Personal information
- Full name: Carlo Gregor Boukhalfa
- Date of birth: 3 May 1999 (age 27)
- Place of birth: Freiburg im Breisgau, Germany
- Height: 1.85 m (6 ft 1 in)
- Position: Midfielder

Team information
- Current team: St. Gallen
- Number: 11

Youth career
- 0000–2012: PTSV Jahn Freiburg
- 2012–2018: SC Freiburg

Senior career*
- Years: Team / Apps / (Gls)
- 2018–2021: SC Freiburg II / 54 / (8)
- 2020–2022: SC Freiburg / 0 / (0)
- 2021–2022: → Jahn Regensburg (loan) / 31 / (4)
- 2022–2025: FC St.
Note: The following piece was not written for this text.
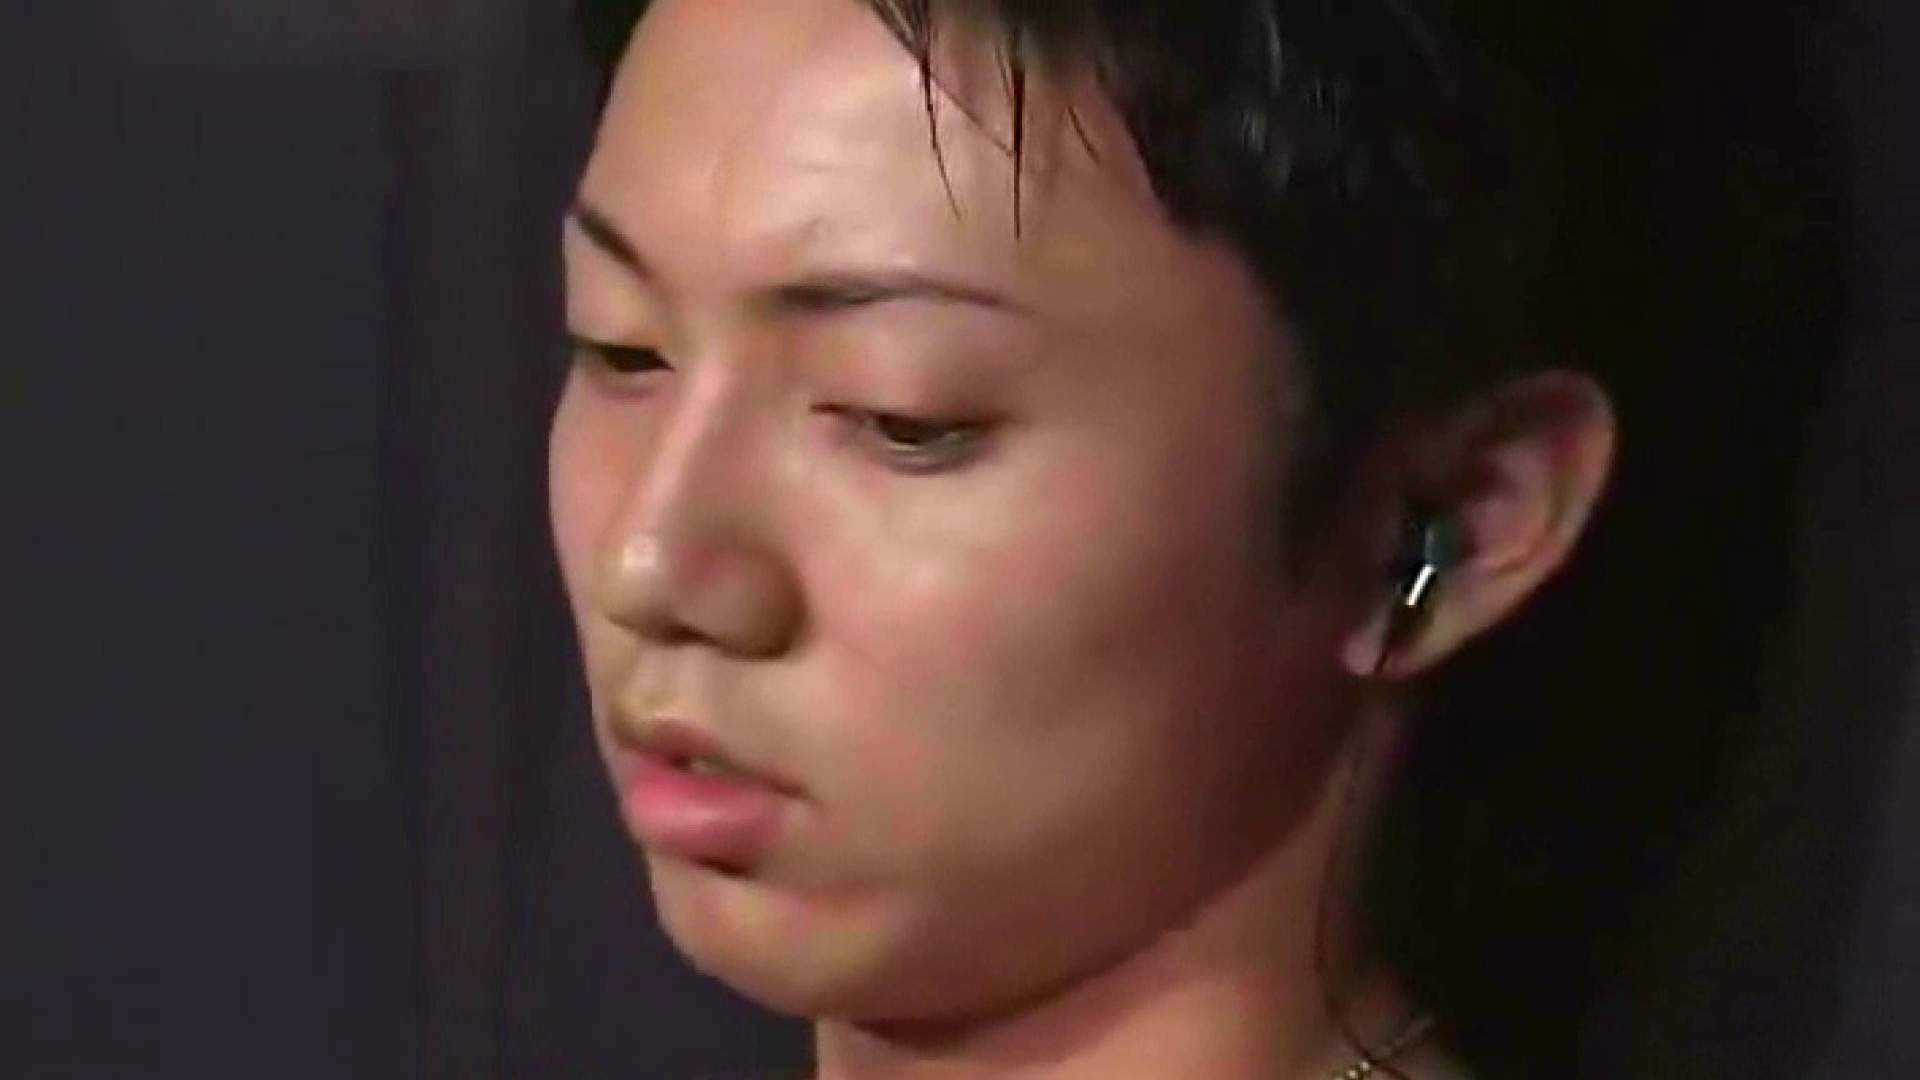 イケメンですが何か?!Vol.02 スリム美少年系ジャニ系  61pic 40

Pauli / 51 / (3)
- 2022: FC St. Pauli II / 1 / (0)
- 2025–: St. Gallen / 36 / (12)

= Carlo Boukhalfa =

German footballer (born 1999)

Carlo Gregor Boukhalfa (born 3 May 1999) is a German professional footballer who plays as a midfielder for Swiss club St. Gallen.

==Career==
Boukhalfa made his professional debut for SC Freiburg in the first round of the 2020–21 DFB-Pokal on 13 September 2020, coming on as a half-time substitute for Yannik Keitel in the away match against 3. Liga side Waldhof Mannheim. In summer 2021, he was loaned to SSV Jahn Regensburg for one season.

On 27 May 2021, it was announced that Boukhalfa had signed for 2. Bundesliga club FC St. Pauli on a permanent basis.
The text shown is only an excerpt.